> [STORED DATA]:

=== Section Start ===

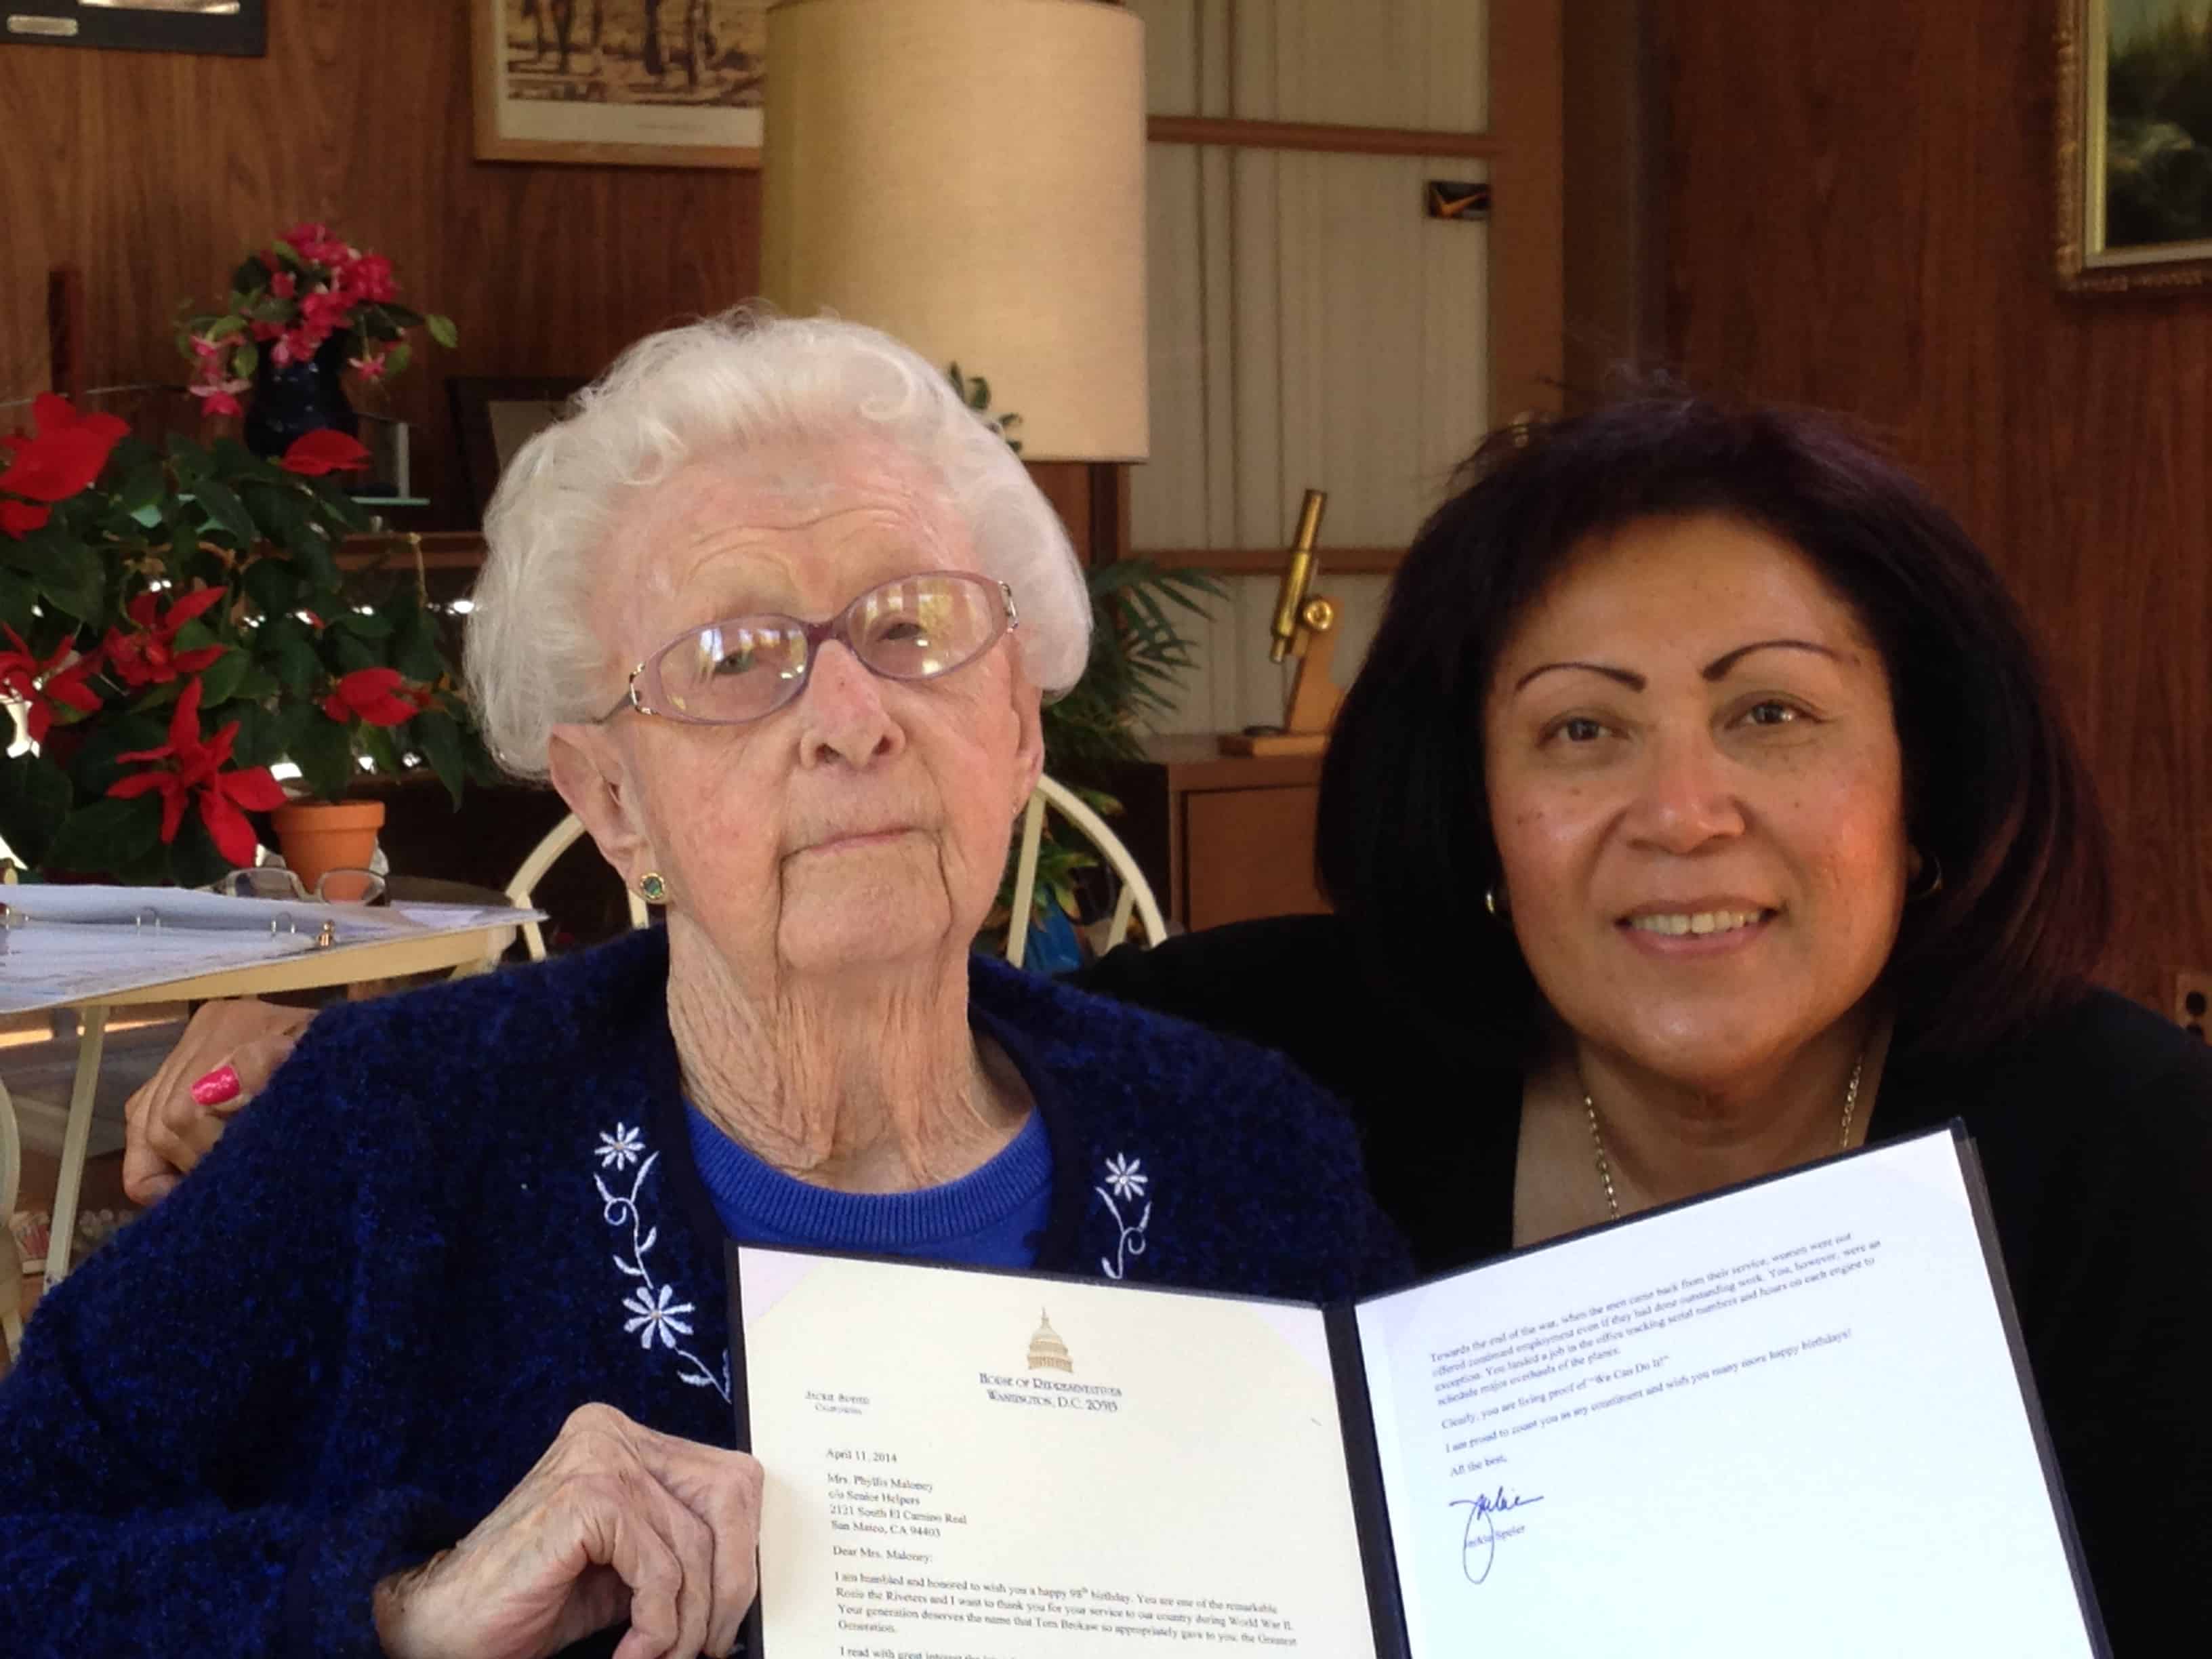 One of our clients, Phyllis, was recognized by our US representative to congress (Jackie Speier) for her work on airplanes during WWII. Phyllis is holding the official letter, on stationary from the US House of Representativesalong with her caregiver, Pafia.
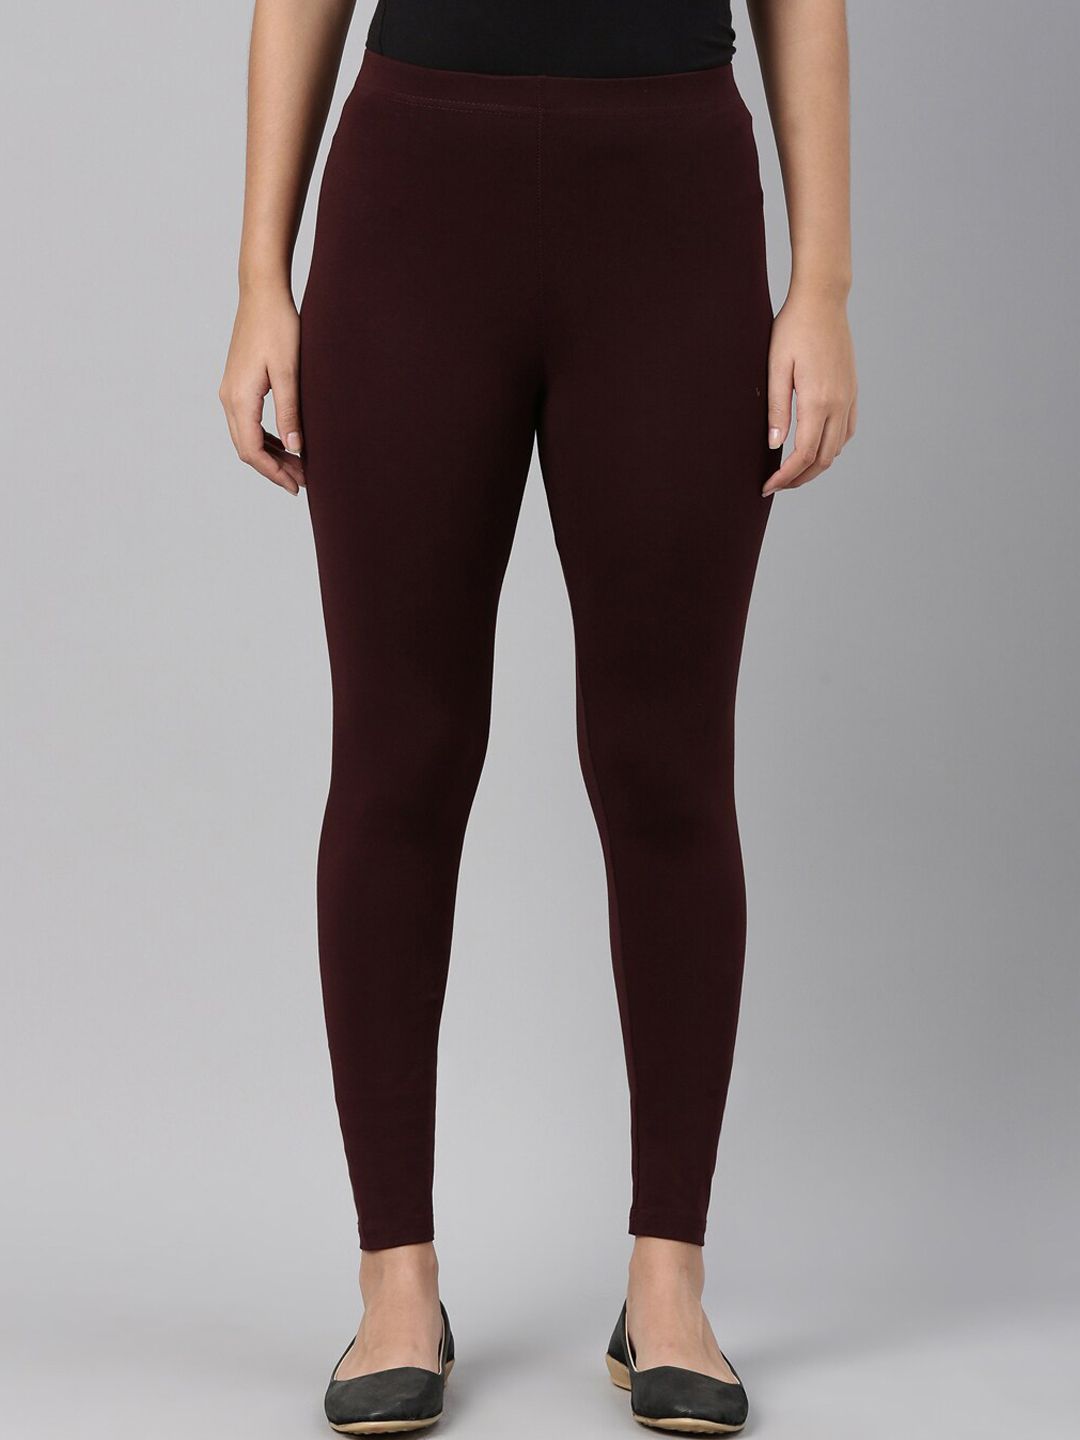 Go Colors Women Maroon Solid Ankle-Length Leggings Price in India
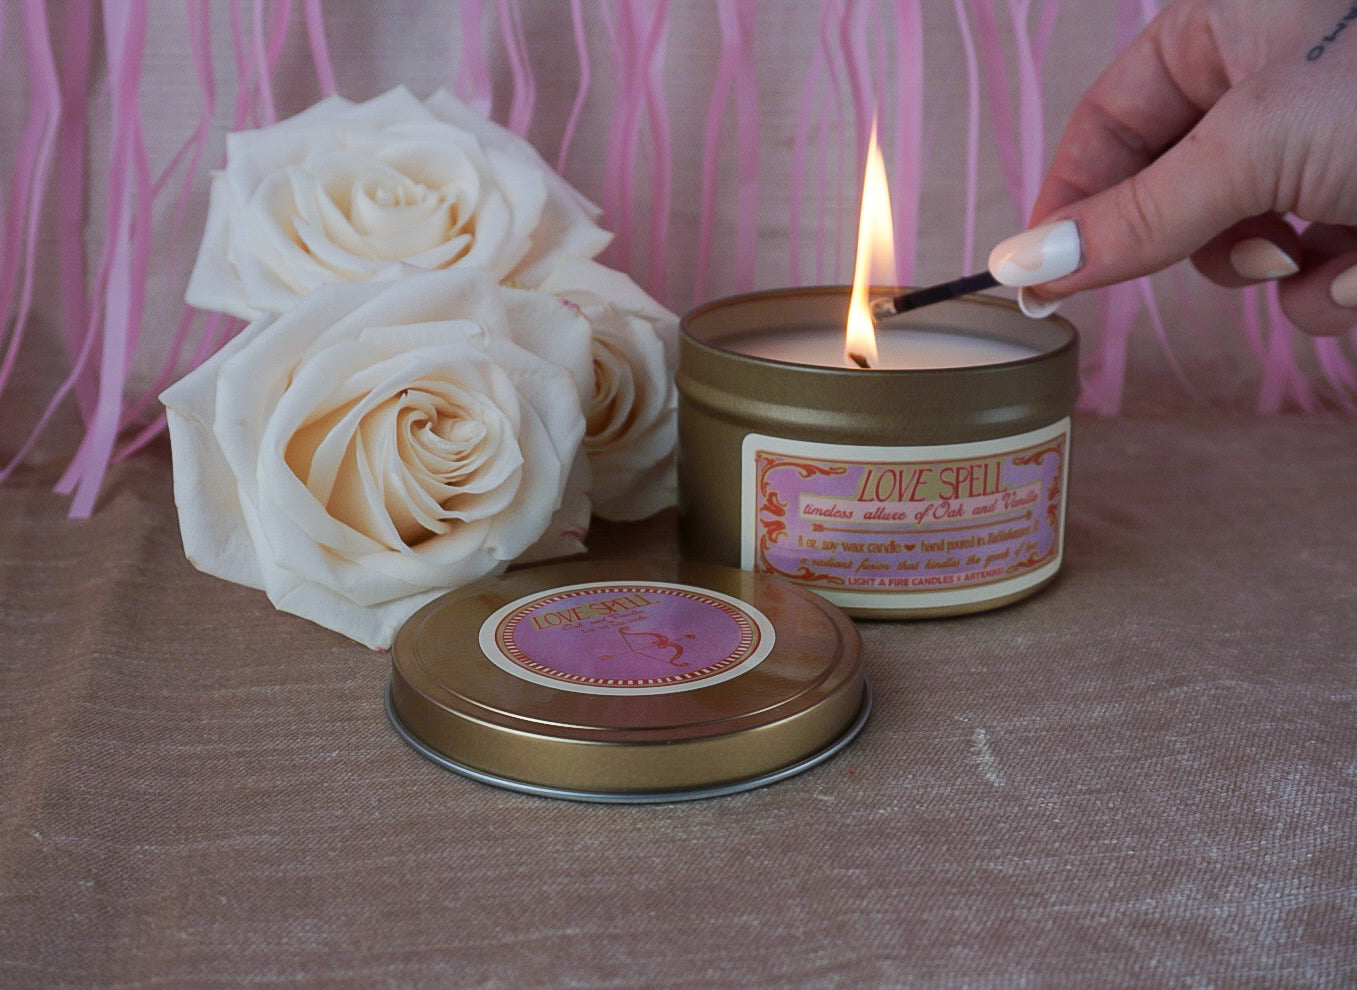 "Love Spell" 8 oz. Soy Wax Candle: Oak and Vanilla
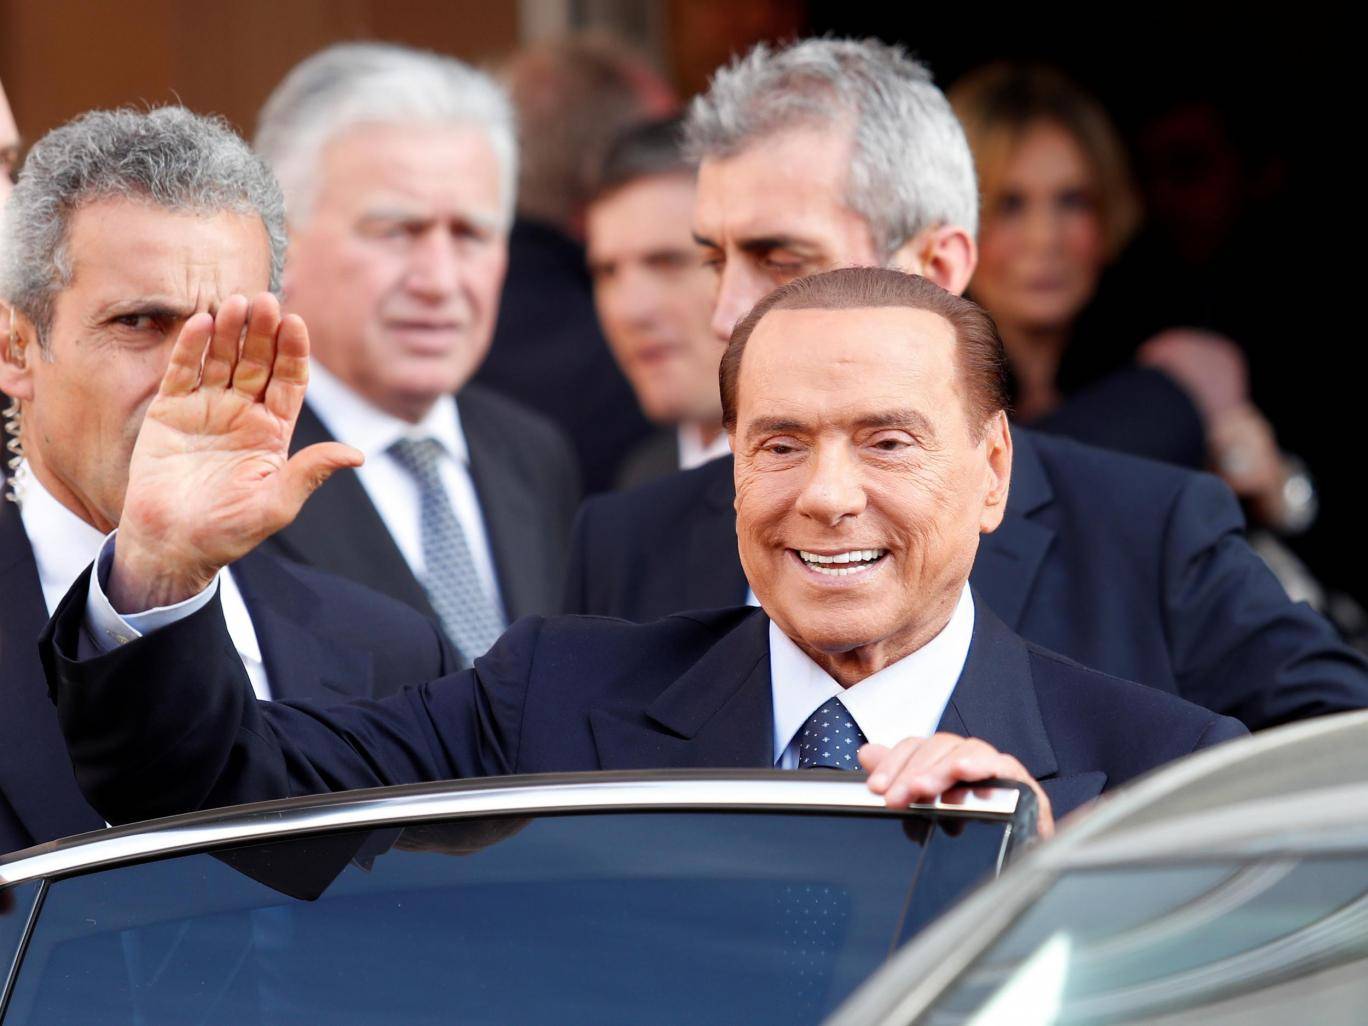 Berlusconi's plans to deport 600,000 migrants impossible, take 15 years, say experts

=== Section End ===

> [WHAT YOU SHOULD DO]: From the line that contains "Oak and Vanilla" through the last line of the listing, copy each line exactly; both end lines stay in, and pictures stay out.

> [OUTPUT FOR THIS EXERCISE]:
 "Love Spell" 8 oz. Soy Wax Candle: Oak and Vanilla
 Berlusconi's plans to deport 600,000 migrants impossible, take 15 years, say experts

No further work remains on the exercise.